§ **DATA FOR THIS TASK**:
☆ ☆ ☆ ☆ ☆ ☆ ☆

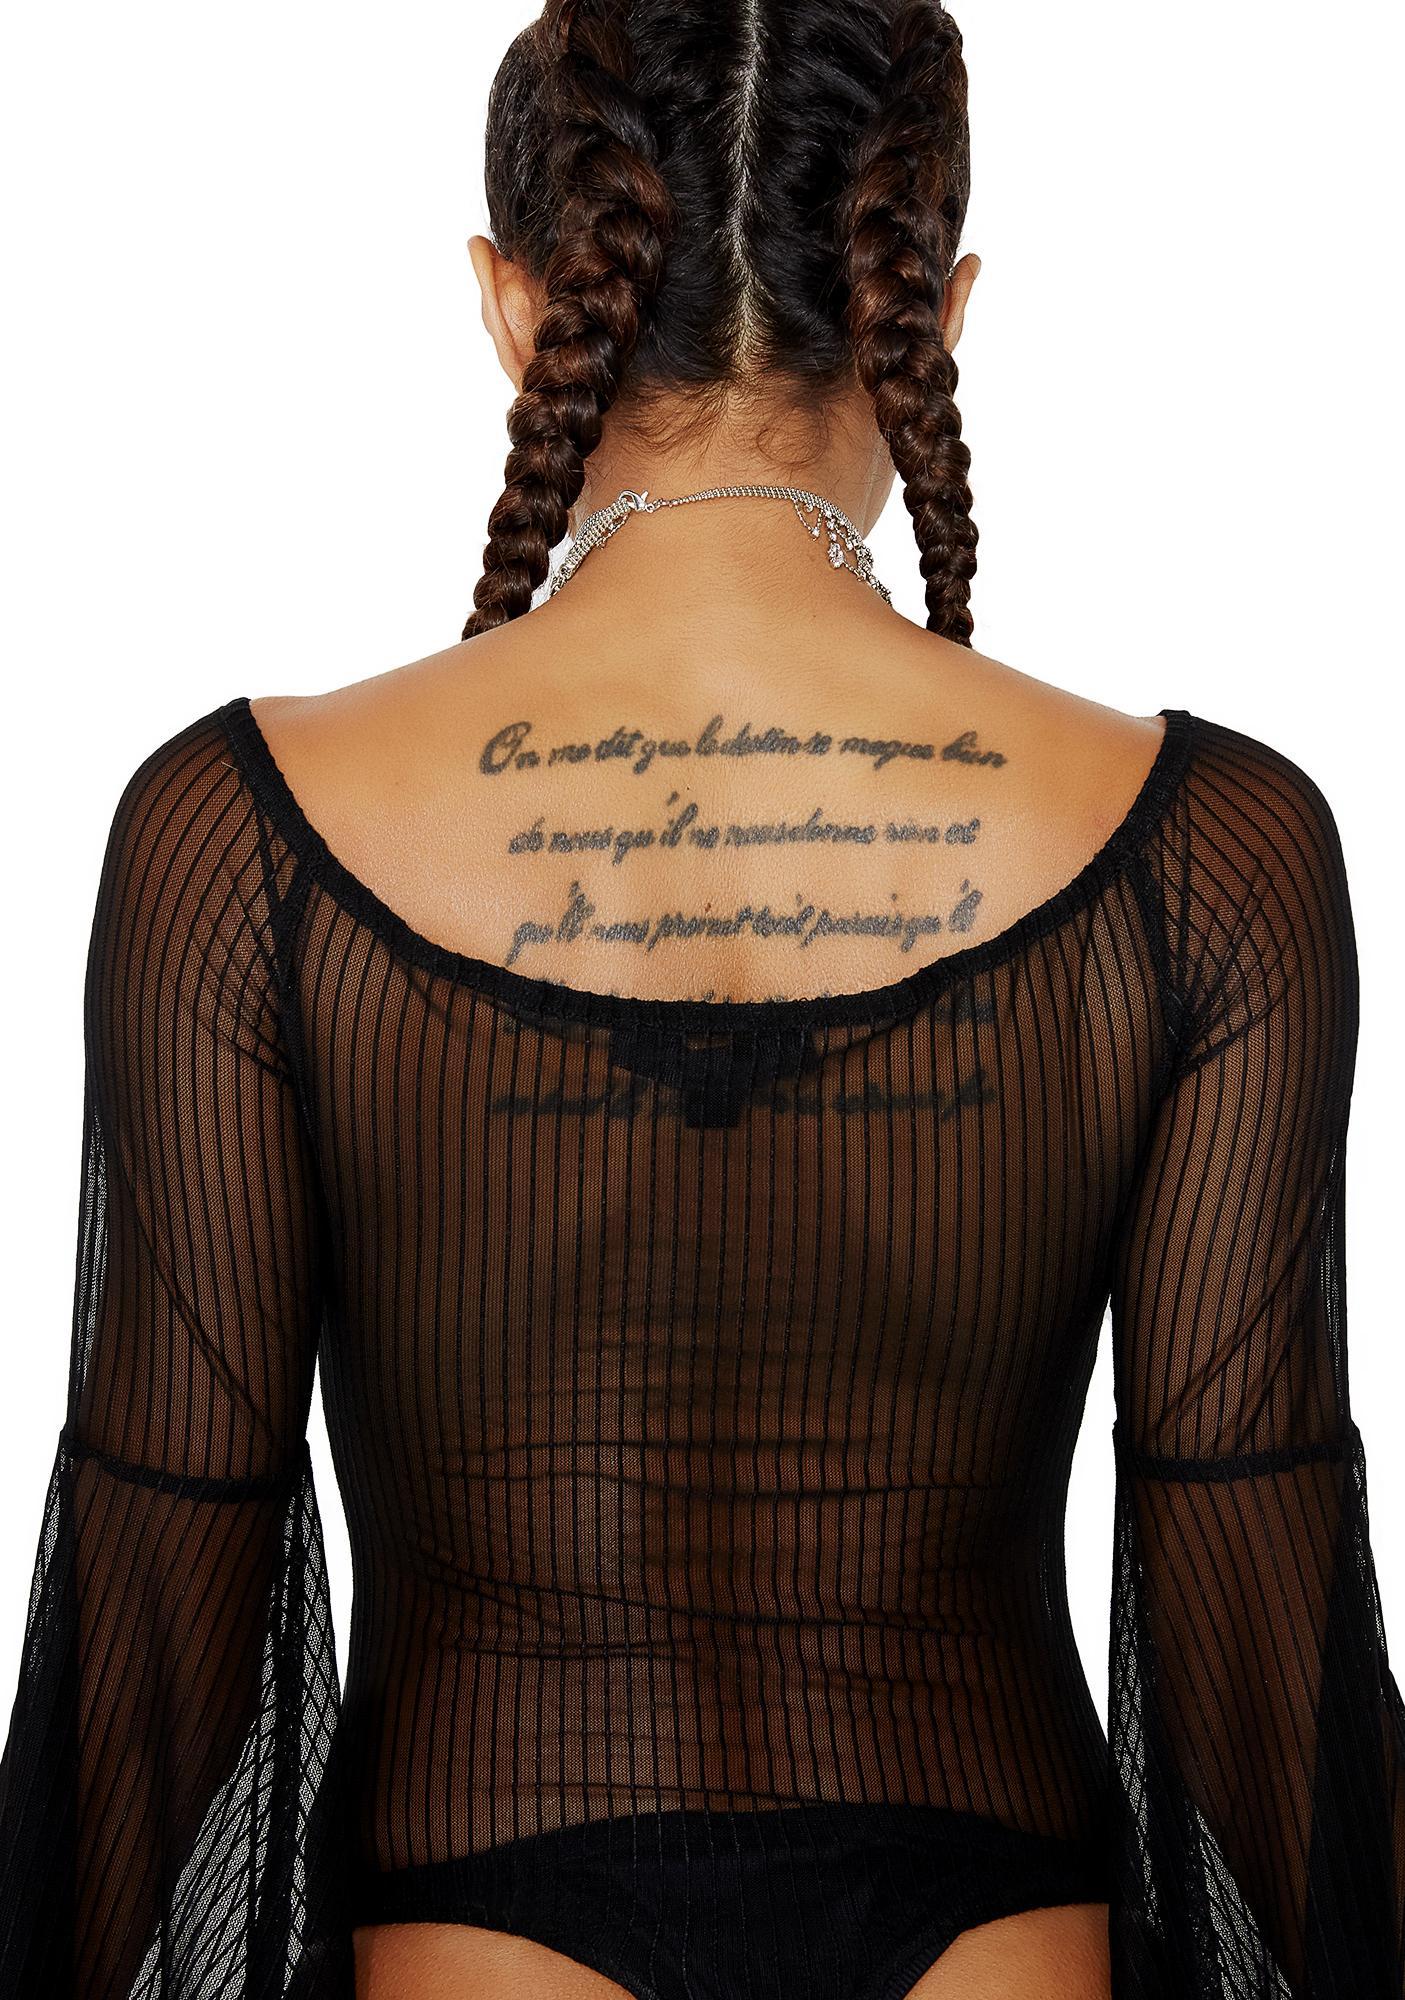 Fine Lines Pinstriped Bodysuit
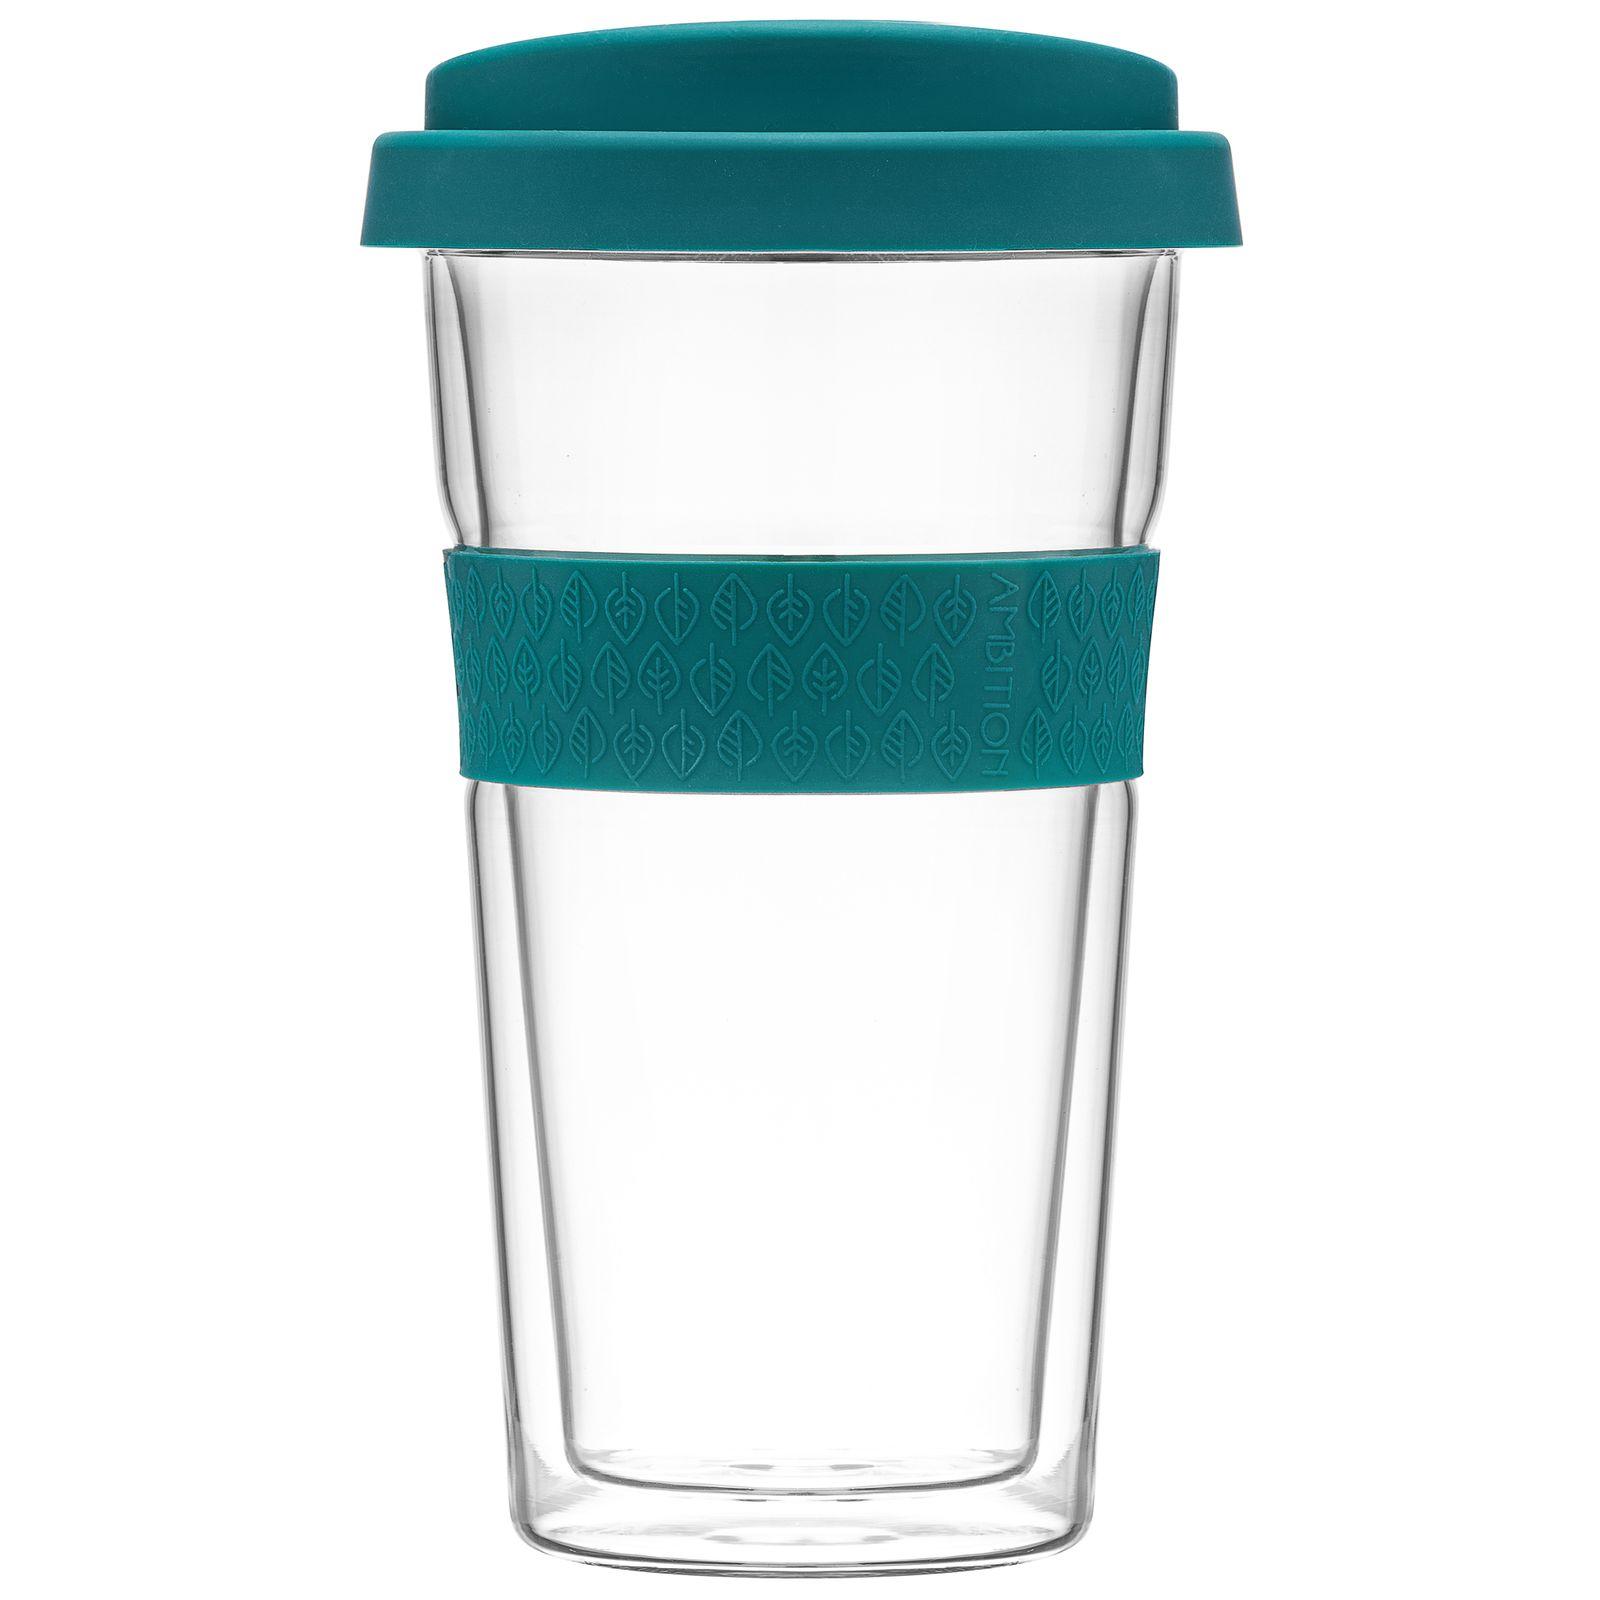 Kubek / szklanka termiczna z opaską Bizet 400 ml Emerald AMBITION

☆ ☆ ☆ ☆ ☆ ☆ ☆

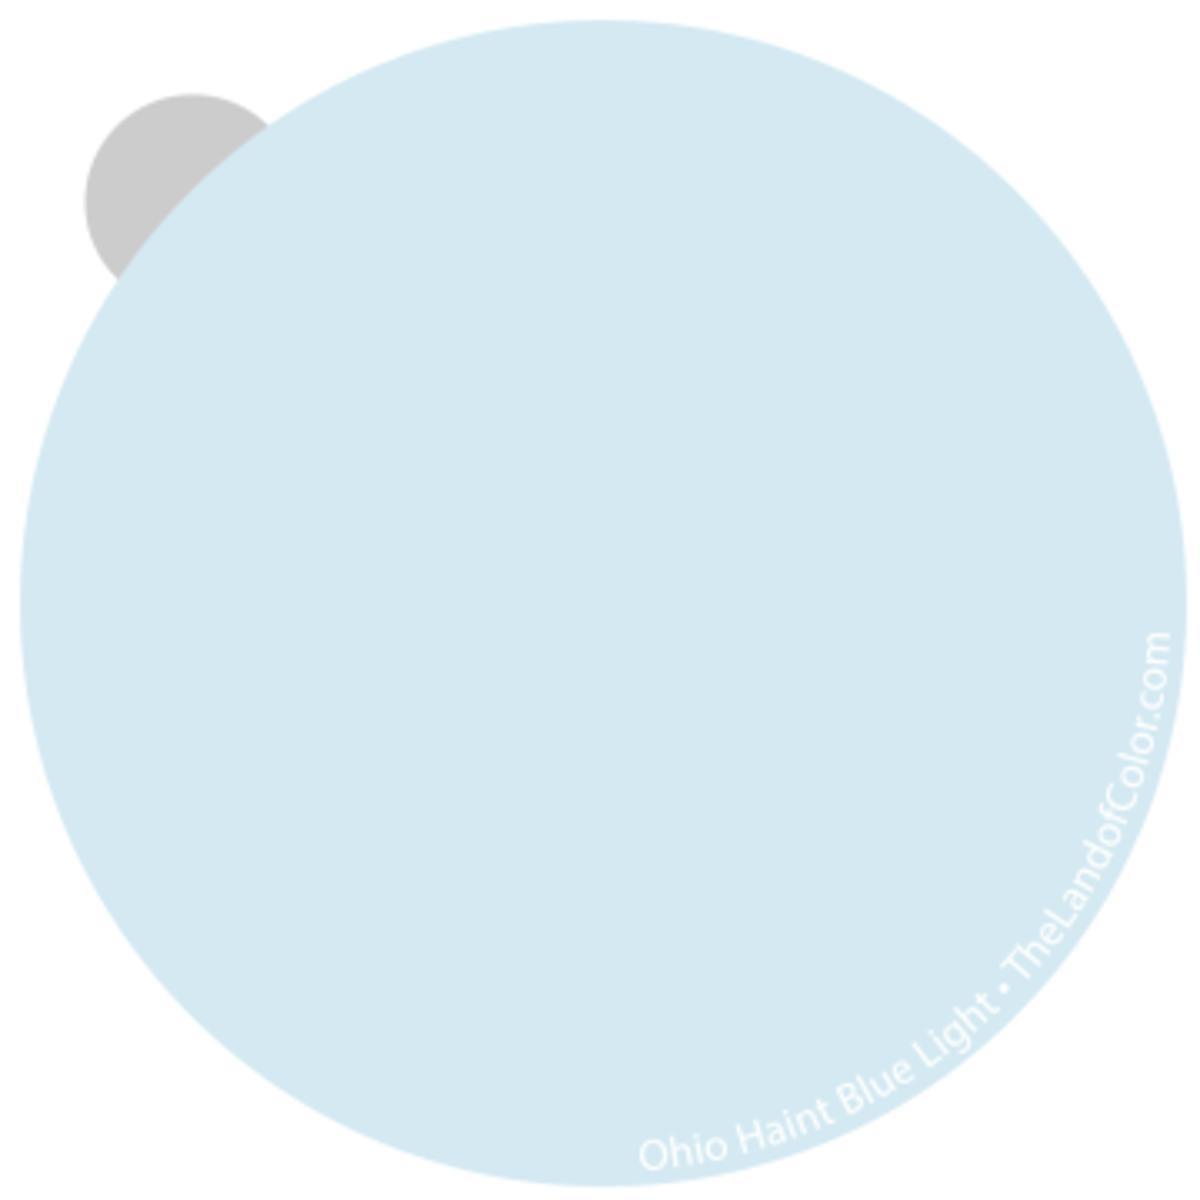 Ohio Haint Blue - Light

☆ ☆ ☆ ☆ ☆ ☆ ☆

§ **EXERCISE INSTRUCTIONS**: Work from the entries above. Set down exactly and only the lines from the line with "Fine Lines Pinstriped Bodysuit" to the line with "Kubek / szklanka", both included, and leave the pictures out.

§ **RESULT OF THIS TASK**:
 Fine Lines Pinstriped Bodysuit
 Kubek / szklanka termiczna z opaską Bizet 400 ml Emerald AMBITION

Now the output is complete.